:: What is required ::
Where the line with "Special aluminium waste" appears below, start writing out lines exactly, and finish with the line with "ZR Basic Cotton T Shirt – Burnt Orange", which is included; write out nothing else.

:: Supplied information ::
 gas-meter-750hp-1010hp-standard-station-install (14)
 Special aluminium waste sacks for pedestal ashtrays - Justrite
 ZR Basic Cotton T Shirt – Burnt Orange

==

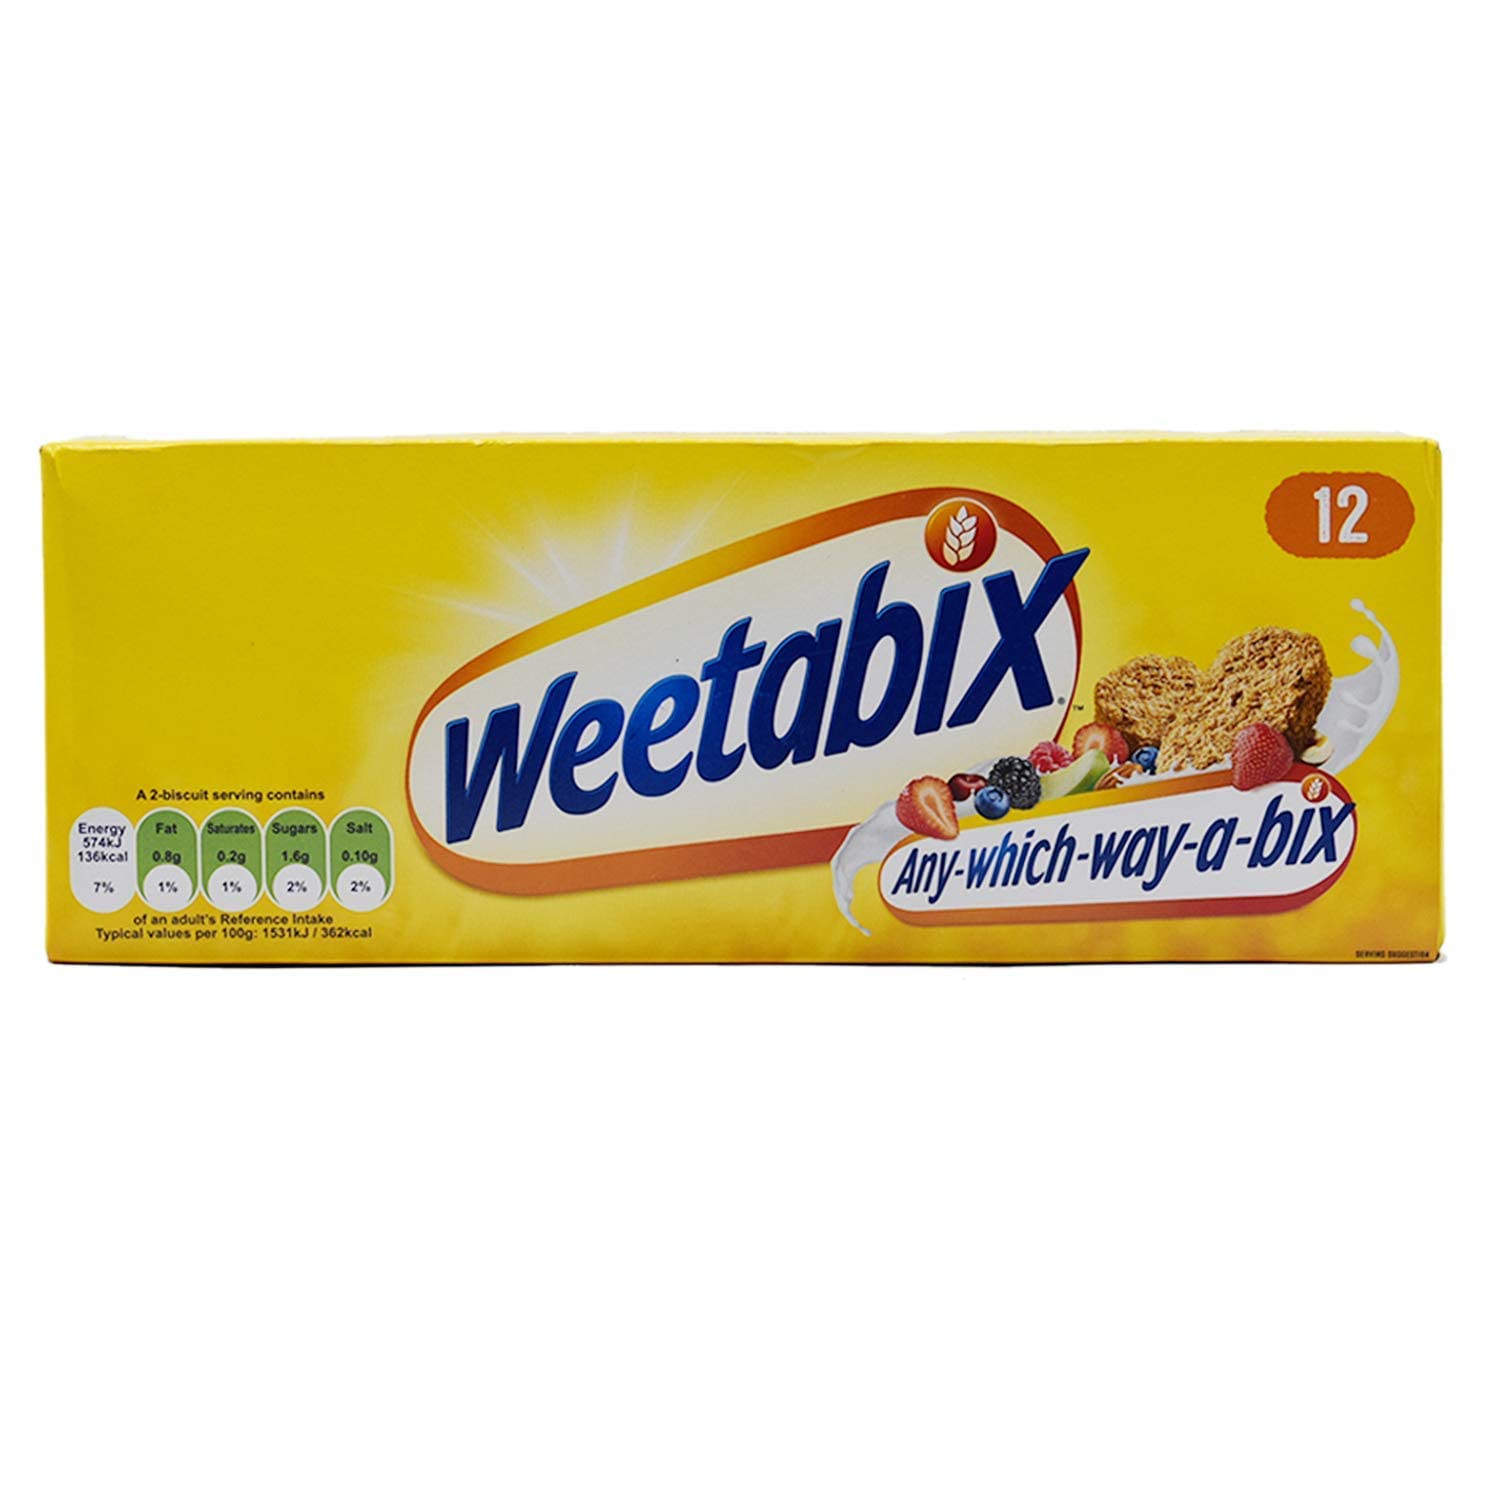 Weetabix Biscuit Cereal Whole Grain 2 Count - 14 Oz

--

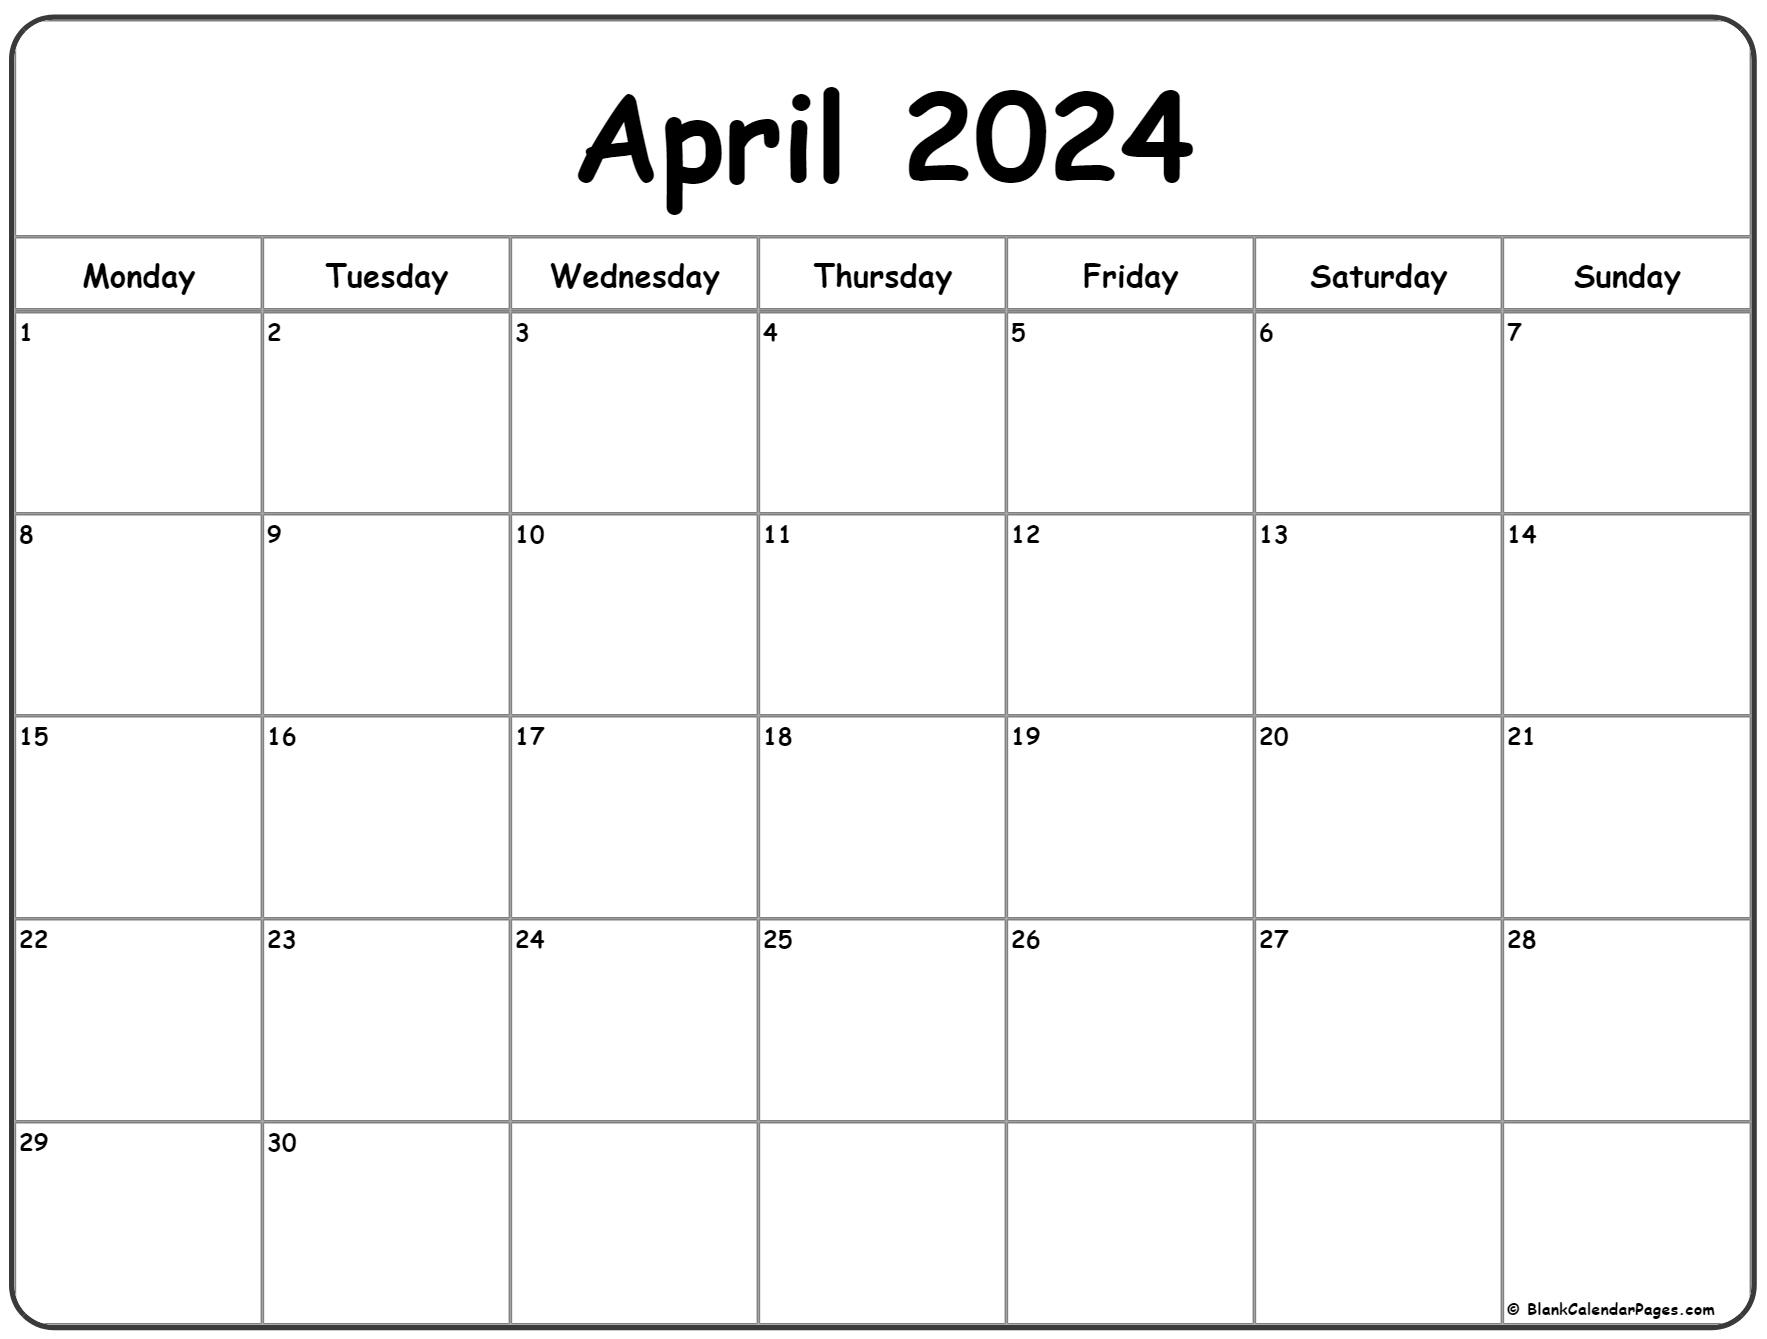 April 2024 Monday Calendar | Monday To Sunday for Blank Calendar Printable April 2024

:: Solved problem ::
 Special aluminium waste sacks for pedestal ashtrays - Justrite
 ZR Basic Cotton T Shirt – Burnt Orange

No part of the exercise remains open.